Whereas Sanskriti, Inc. is a non-profit Corporation incorporated in the State of Maryland, as approved and received for record by the State Department of Assessment and Taxation of Maryland on May 17, 1976;
Whereas Sanskriti Inc. is exempt from federal income tax. Effective August 25. 1983, under Section 501(c) (3) of the Internal Revenue Code of 1954, as amended, in accordance with a letter dated of the District Director at Baltimore. Maryland, of the Internal Revenue Service;
Whereas Sanskriti, Inc. is desirous of making certain amendments to its Articles of Incorporation recorded as of May 17, 1976, (attached herewith), but without prejudice to its status as a non-profit tax-exempt Corporation:
Now therefore the undersigned persons, being duly authorized, present hereunder the amended Articles of Incorporation which shall replace the Articles of Incorporation as recorded on May 17, 1976.
FIRST: The name of the Corporation is SANSKRITI, INC. (hereinafter referred to as the Corporation or Sanskriti).
SECOND:
A) The Corporation is organized and shall be operated exclusively for charitable, religious, literary, social. Cultural and educational purposes within the meaning of Section 501(c) (3) of the Internal Revenue Code of 1954 or the corresponding provisions of any future United States internal, revenue law.
B) More specifically, Sanskriti is a voluntary association of individuals formed for promoting in particular, but not exclusively, Bengalee social, literary, cultural, educational and religious activities. Participation in such activities shall be open to Members of Sanskriti and. under conditions defined by Sanskriti, to other interested persons of the community at large, thereby enriching the multi-ethnic traditions of the People of the metropolitan Washington area and of the United States.
C) Sanskriti shall have the authority to exercise to the extent necessary or desirable for the accomplishment of the aforesaid purposes any and all powers confer-red upon Corporations of a similar character by the general laws of the State of Maryland. To the extent they are not inconsistent with the objects and purposes of the Corporation to be a non-profit Corporation exempt under Section 501 (c) (3) of the Internal Revenue Code of 1954, as amended from time to time
THIRD: The following provisions shall define, limit, and regulate the powers of the Corporation and of its Directors and Members.
A) The Corporation is not organized to profit and no part of its earnings or assets shall accrue to the benefit of or be distributable to its Members, Directors, Officers, or any other persons, except that reasonable compensation may be paid by the Corporation for services rendered to and for the Corporation.
B) No substantial part of the activities of the Corporation shall be the carrying on of propaganda, or otherwise attempting to influence legislation, and the Corporation shall not participate in or intervene directly or indirectly in any political campaign on behalf of any candidate for public office.

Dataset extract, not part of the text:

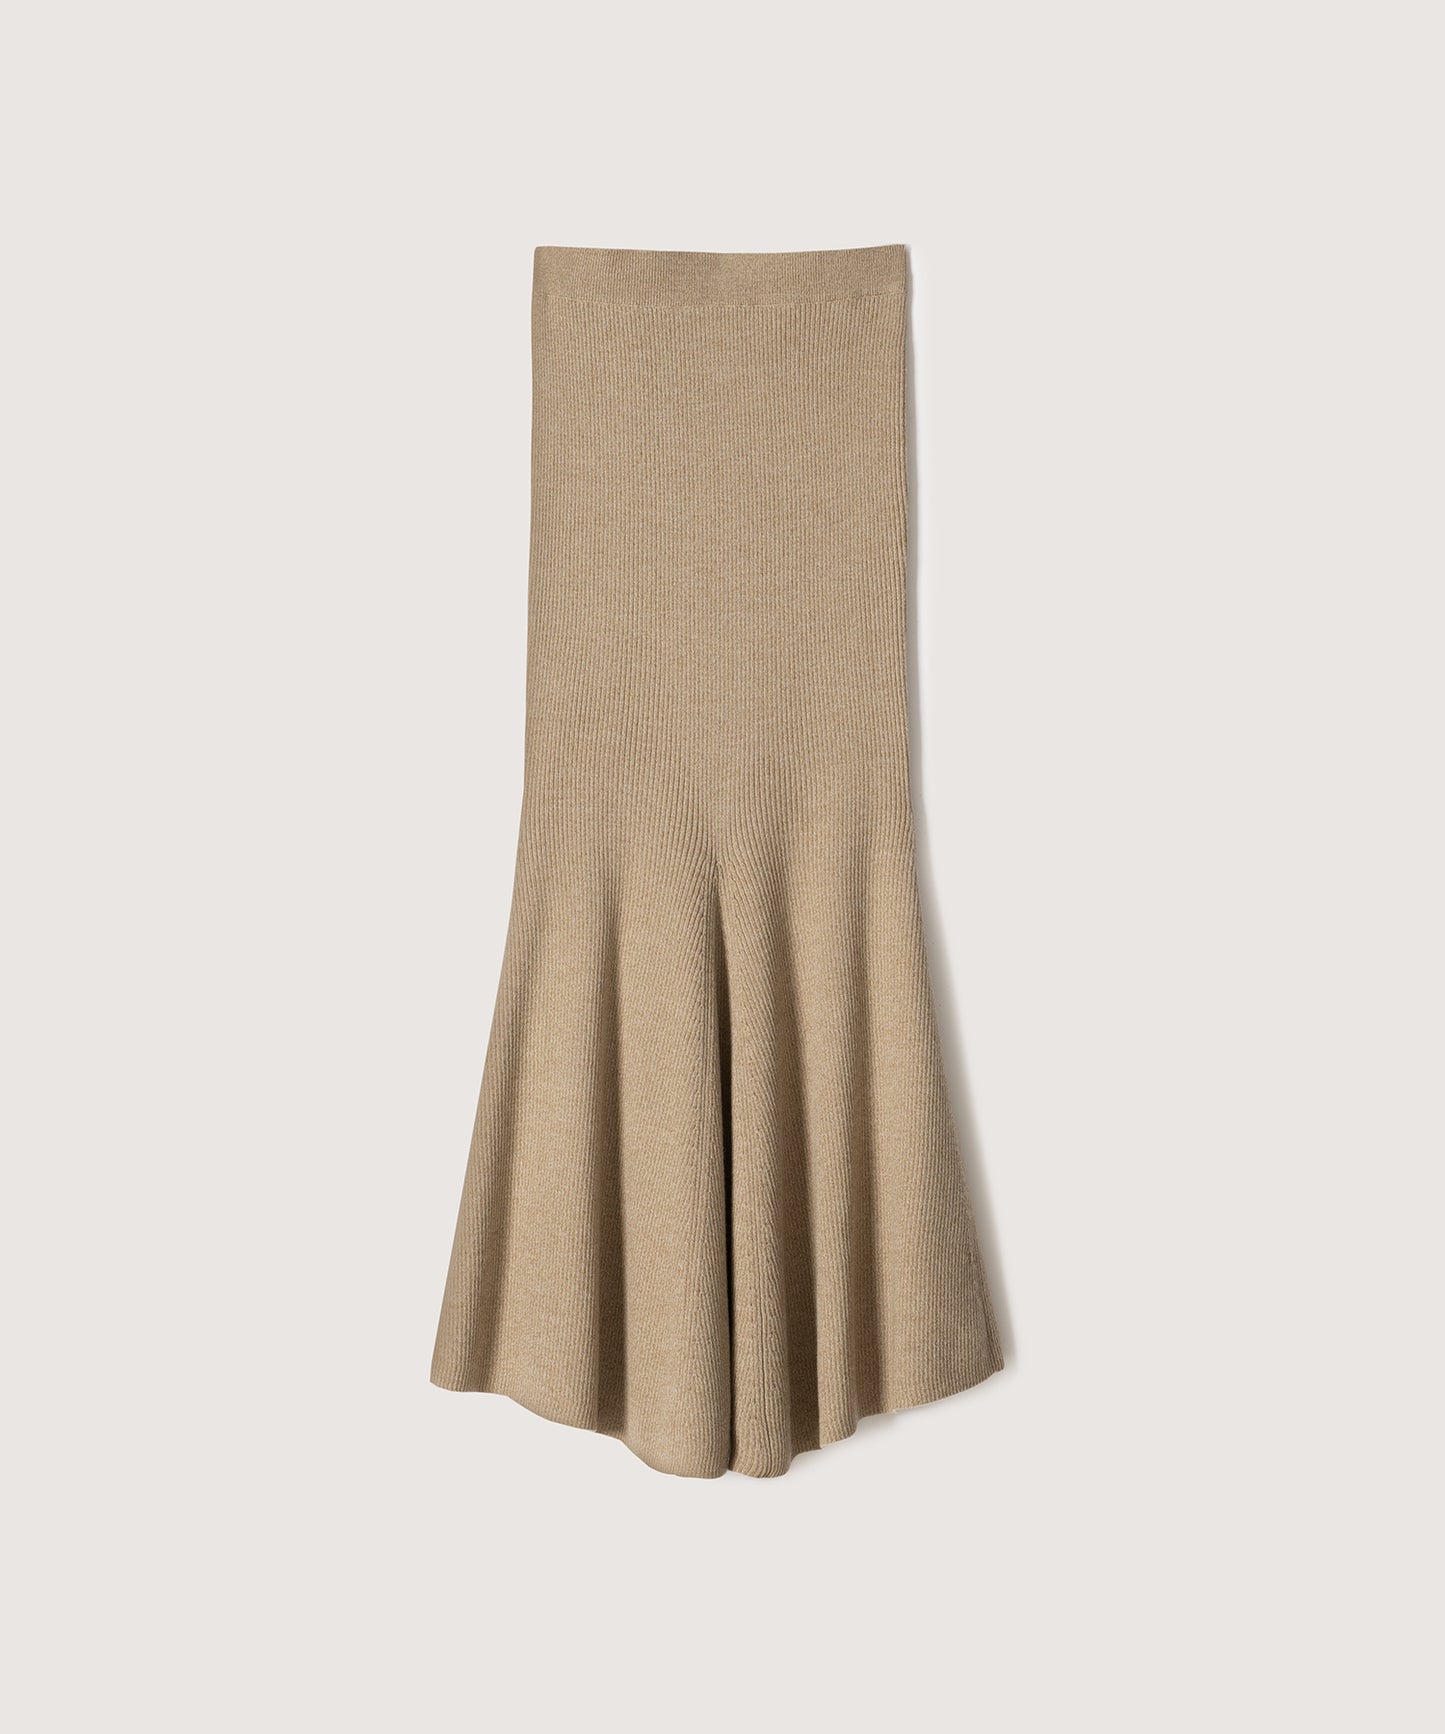 Alina - Sale Wool-Blend Skirt - Beige
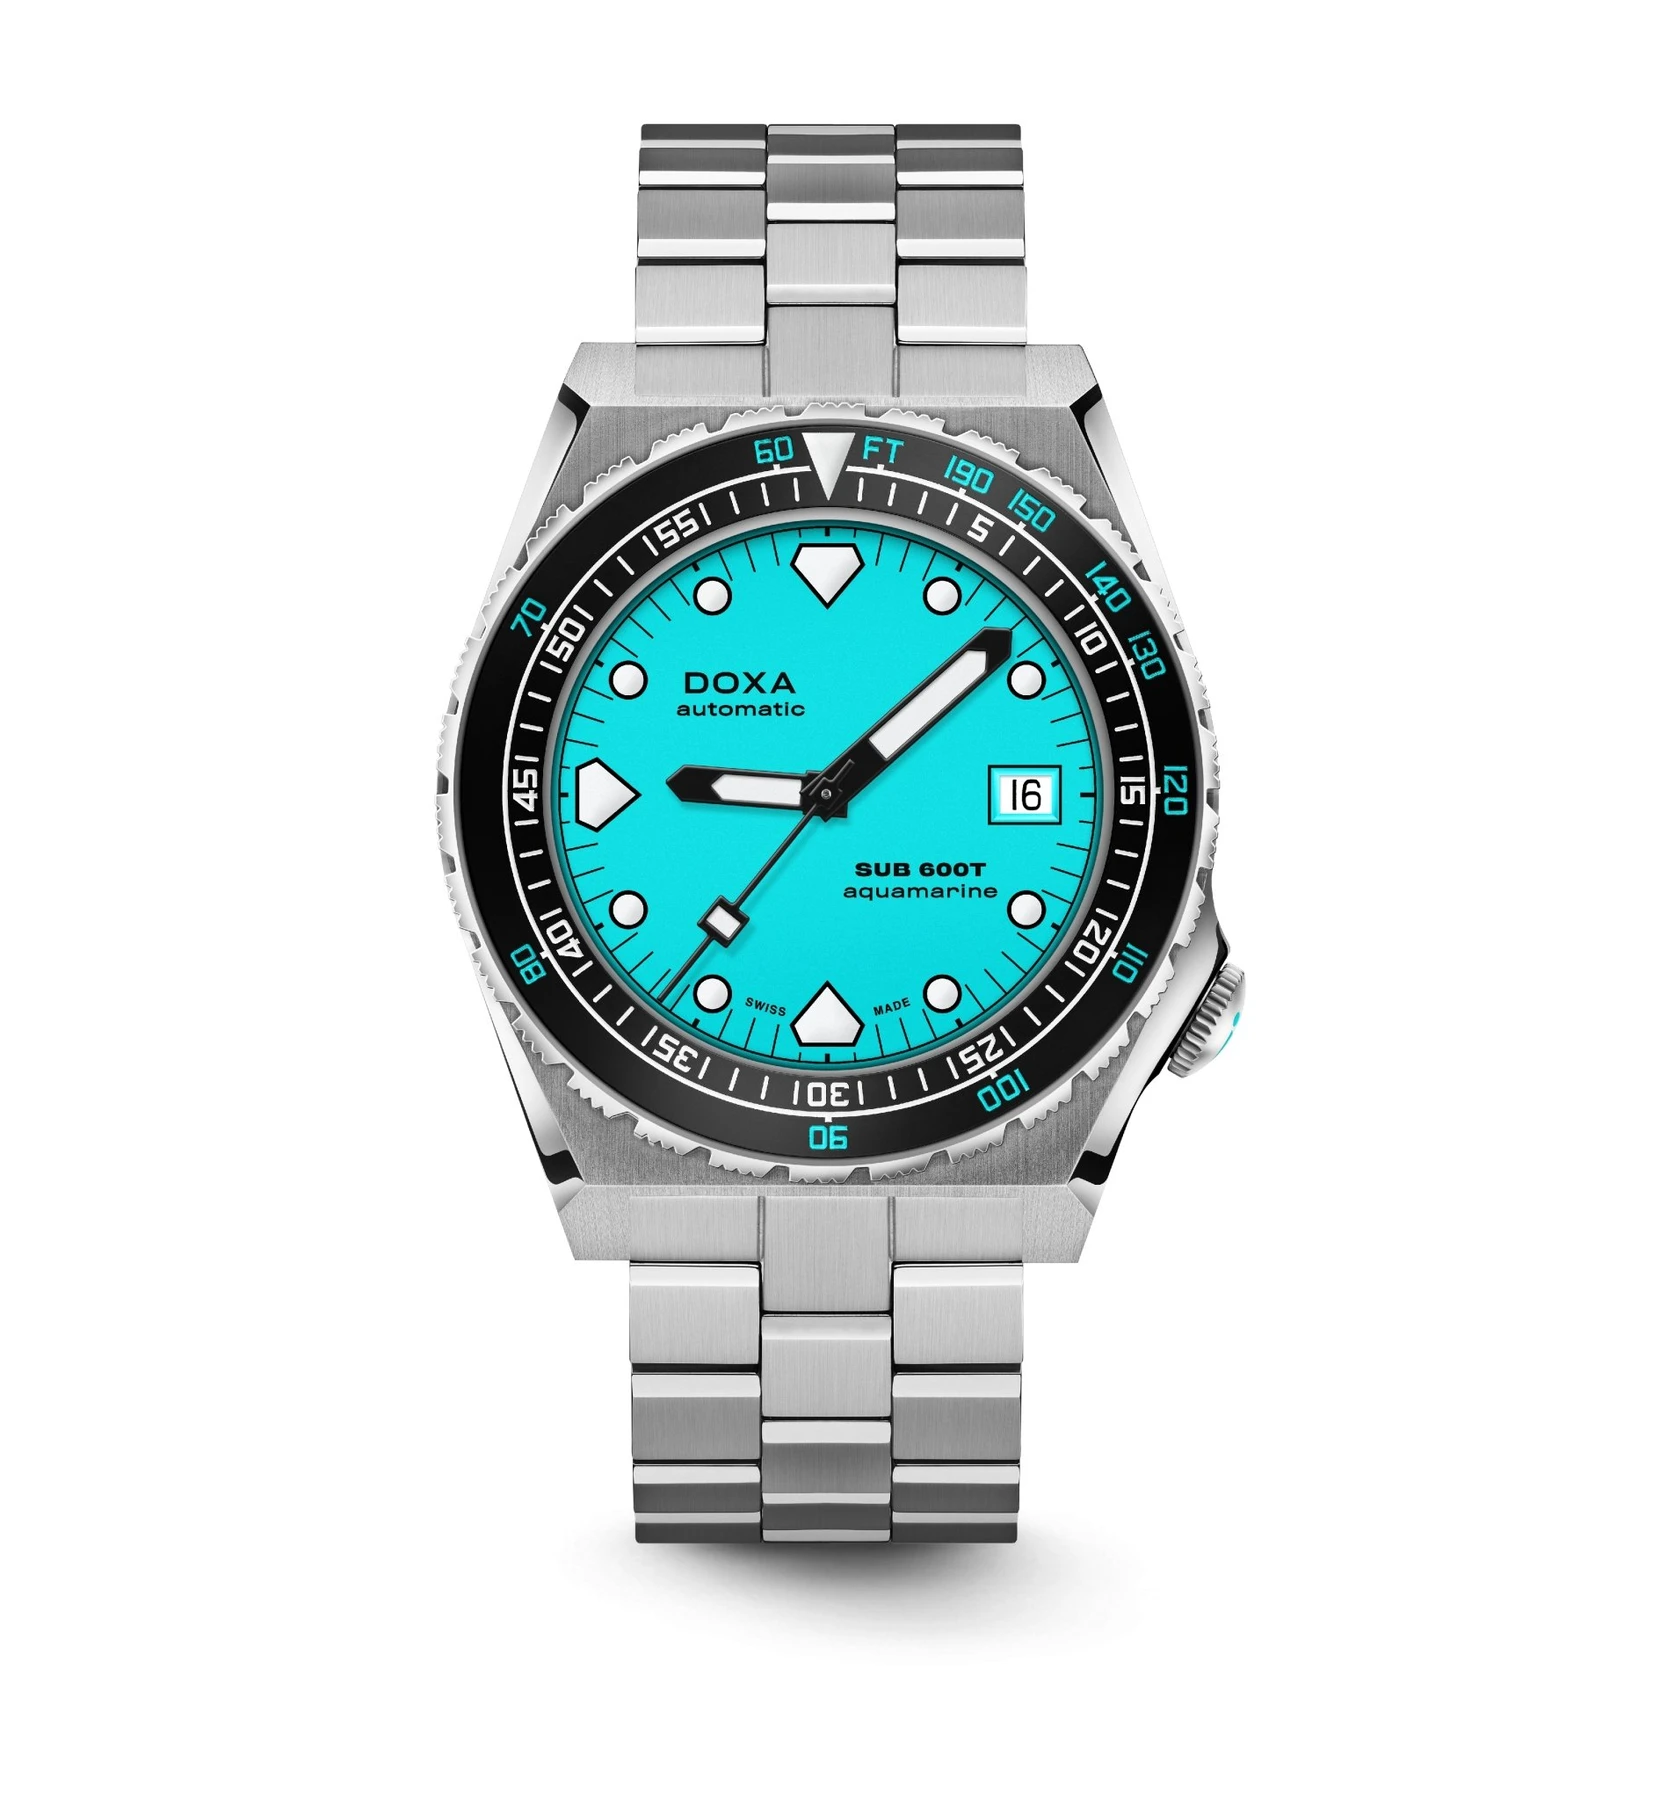 Tiffany blue colored dials

C) Notwithstanding any other provision of these Articles, the Corporation shall not carry on any other activities not permitted to be carried on by a Corporation exempt from federal income tax under section 501(c) (3) of the Internal Revenue Code of 1954 or the corresponding provision of any future United States internal revenue law.
D) In the event of liquidation, dissolution or winding up of the Corporation whether voluntary, or involuntary) all of the net assets of the Corporation, after paying or making provision for the payment of all the -liabilities of the Corporation, shall be transferred and contributed to an organization or organizations the Board of Directors may select which shall have in effect at the time a determination of exempt status as an organization described in Section 501(c) (3) of the Internal Revenue Code of 1954 or the corresponding provision of any future United States internal revenue law.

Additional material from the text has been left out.